Data extract Start Marker

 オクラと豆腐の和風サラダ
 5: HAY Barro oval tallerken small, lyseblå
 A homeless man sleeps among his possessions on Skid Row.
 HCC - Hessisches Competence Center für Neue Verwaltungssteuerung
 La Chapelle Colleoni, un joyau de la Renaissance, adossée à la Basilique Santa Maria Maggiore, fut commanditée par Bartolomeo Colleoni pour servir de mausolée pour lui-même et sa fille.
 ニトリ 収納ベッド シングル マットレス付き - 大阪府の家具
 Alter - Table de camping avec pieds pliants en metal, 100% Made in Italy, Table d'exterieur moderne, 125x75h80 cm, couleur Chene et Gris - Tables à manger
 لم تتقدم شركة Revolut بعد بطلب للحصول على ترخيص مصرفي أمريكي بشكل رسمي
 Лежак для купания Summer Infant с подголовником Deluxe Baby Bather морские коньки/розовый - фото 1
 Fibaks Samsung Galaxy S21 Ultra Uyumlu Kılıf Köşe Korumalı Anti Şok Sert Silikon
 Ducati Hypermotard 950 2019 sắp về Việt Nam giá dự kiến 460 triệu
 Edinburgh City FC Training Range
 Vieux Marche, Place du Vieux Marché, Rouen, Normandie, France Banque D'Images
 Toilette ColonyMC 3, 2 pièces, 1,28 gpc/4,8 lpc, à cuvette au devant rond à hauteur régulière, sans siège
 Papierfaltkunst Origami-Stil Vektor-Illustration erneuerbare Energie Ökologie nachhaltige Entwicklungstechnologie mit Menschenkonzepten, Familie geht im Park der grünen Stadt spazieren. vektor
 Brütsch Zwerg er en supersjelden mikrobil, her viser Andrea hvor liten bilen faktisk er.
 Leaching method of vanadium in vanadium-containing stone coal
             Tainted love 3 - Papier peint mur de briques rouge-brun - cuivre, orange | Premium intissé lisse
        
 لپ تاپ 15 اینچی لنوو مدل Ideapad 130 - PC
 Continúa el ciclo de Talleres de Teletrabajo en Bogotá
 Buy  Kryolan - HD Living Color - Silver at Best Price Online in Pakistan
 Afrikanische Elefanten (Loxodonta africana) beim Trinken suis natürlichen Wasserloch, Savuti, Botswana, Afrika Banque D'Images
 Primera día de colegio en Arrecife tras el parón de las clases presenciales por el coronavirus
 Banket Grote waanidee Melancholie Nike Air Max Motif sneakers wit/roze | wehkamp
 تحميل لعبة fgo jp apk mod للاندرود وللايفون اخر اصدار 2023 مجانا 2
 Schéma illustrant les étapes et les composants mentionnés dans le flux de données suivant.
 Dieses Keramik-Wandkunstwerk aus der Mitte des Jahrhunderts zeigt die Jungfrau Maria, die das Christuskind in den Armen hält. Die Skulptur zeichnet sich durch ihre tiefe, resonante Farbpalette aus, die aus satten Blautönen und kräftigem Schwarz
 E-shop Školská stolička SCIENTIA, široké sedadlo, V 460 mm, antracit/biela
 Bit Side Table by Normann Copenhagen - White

Data extract End Marker

Activity -
Once you find the line with "Papierfaltkunst Origami-Stil Vektor-Illustration" above, print it and every line after it up to and including the line with "E-shop Školská stolička", exactly as written and nothing else.

Answer to the exercise -
 Papierfaltkunst Origami-Stil Vektor-Illustration erneuerbare Energie Ökologie nachhaltige Entwicklungstechnologie mit Menschenkonzepten, Familie geht im Park der grünen Stadt spazieren. vektor
 Brütsch Zwerg er en supersjelden mikrobil, her viser Andrea hvor liten bilen faktisk er.
 Leaching method of vanadium in vanadium-containing stone coal
             Tainted love 3 - Papier peint mur de briques rouge-brun - cuivre, orange | Premium intissé lisse
        
 لپ تاپ 15 اینچی لنوو مدل Ideapad 130 - PC
 Continúa el ciclo de Talleres de Teletrabajo en Bogotá
 Buy  Kryolan - HD Living Color - Silver at Best Price Online in Pakistan
 Afrikanische Elefanten (Loxodonta africana) beim Trinken suis natürlichen Wasserloch, Savuti, Botswana, Afrika Banque D'Images
 Primera día de colegio en Arrecife tras el parón de las clases presenciales por el coronavirus
 Banket Grote waanidee Melancholie Nike Air Max Motif sneakers wit/roze | wehkamp
 تحميل لعبة fgo jp apk mod للاندرود وللايفون اخر اصدار 2023 مجانا 2
 Schéma illustrant les étapes et les composants mentionnés dans le flux de données suivant.
 Dieses Keramik-Wandkunstwerk aus der Mitte des Jahrhunderts zeigt die Jungfrau Maria, die das Christuskind in den Armen hält. Die Skulptur zeichnet sich durch ihre tiefe, resonante Farbpalette aus, die aus satten Blautönen und kräftigem Schwarz
 E-shop Školská stolička SCIENTIA, široké sedadlo, V 460 mm, antracit/biela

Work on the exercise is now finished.